LDLR-OPN Interaction Drives COVID-19 Myocarditis Through Monocyte Recruitment

COVID-19-associated myocarditis is marked by macrophage-rich inflammation and adverse cardiac outcomes, yet its mechanisms remain unclear. We developed a reproducible BSL-2 mouse model by combining cardiac-specific human low-density lipoprotein receptor (LDLR) overexpression (AAV9-cTnT-hLDLR) with chimeric SARS-CoV-2 infection in keratin 18 human angiotensin-converting enzyme 2 transgenic mice, achieving 100% penetrance of macrophage-predominant myocarditis with cardiomyocyte necrosis and gasdermin D-mediated pyroptosis. We identified a previously unrecognized high-affinity interaction between LDLR (CR2-CR5 domains) and osteopontin that drives monocyte recruitment.
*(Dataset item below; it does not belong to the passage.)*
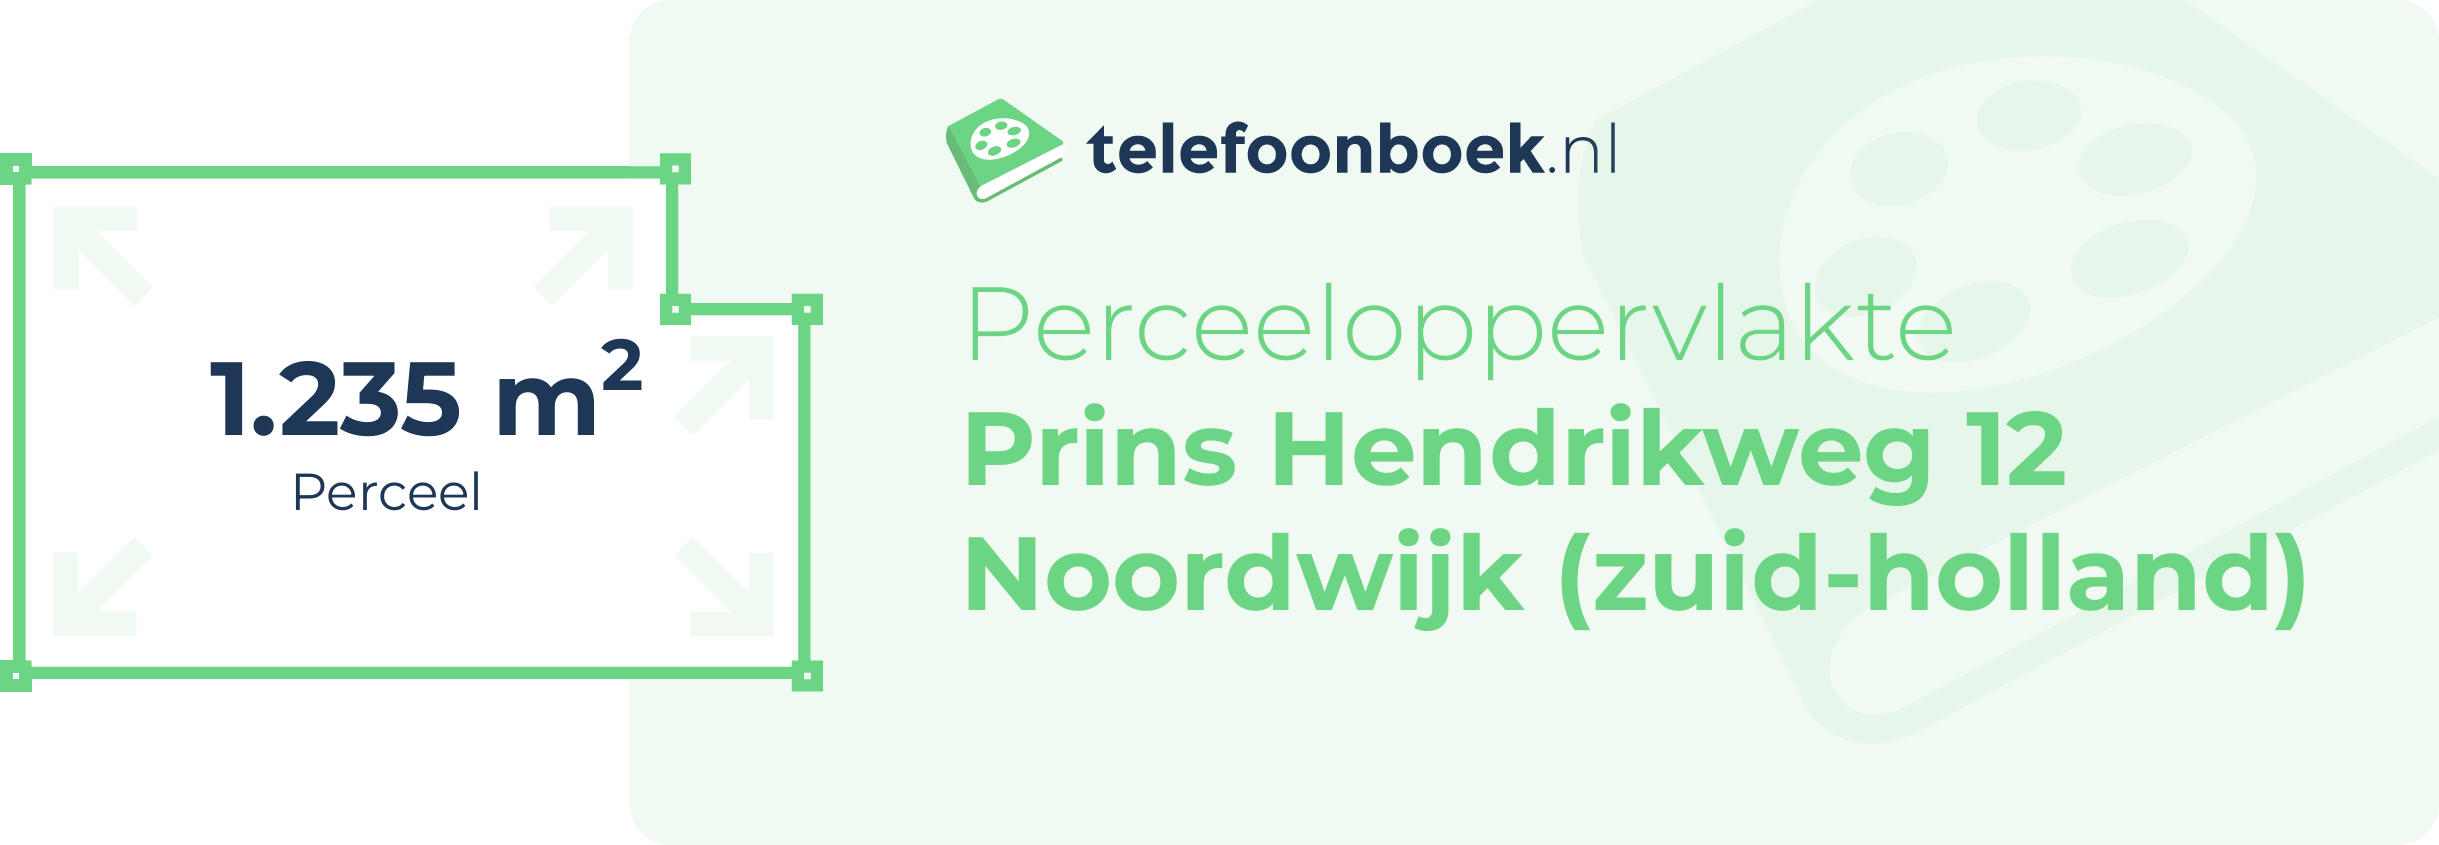 Perceeloppervlakte Prins Hendrikweg 12 Noordwijk (Zuid-Holland)

Induced degrader of LDLR-mediated LDLR degradation completely abrogated myocarditis, while dimethyl fumarate significantly reduced pyroptosis and inflammatory burden. Importantly, human myocarditis autopsy hearts exhibited >10-fold up-regulation of LDLR and intercellular adhesion molecule-1, mirroring the murine findings. These data establish the LDLR-osteopontin axis as a mechanistic and targetable driver of COVID-19 myocarditis and provide a translational platform for therapeutic development in viral myocarditis.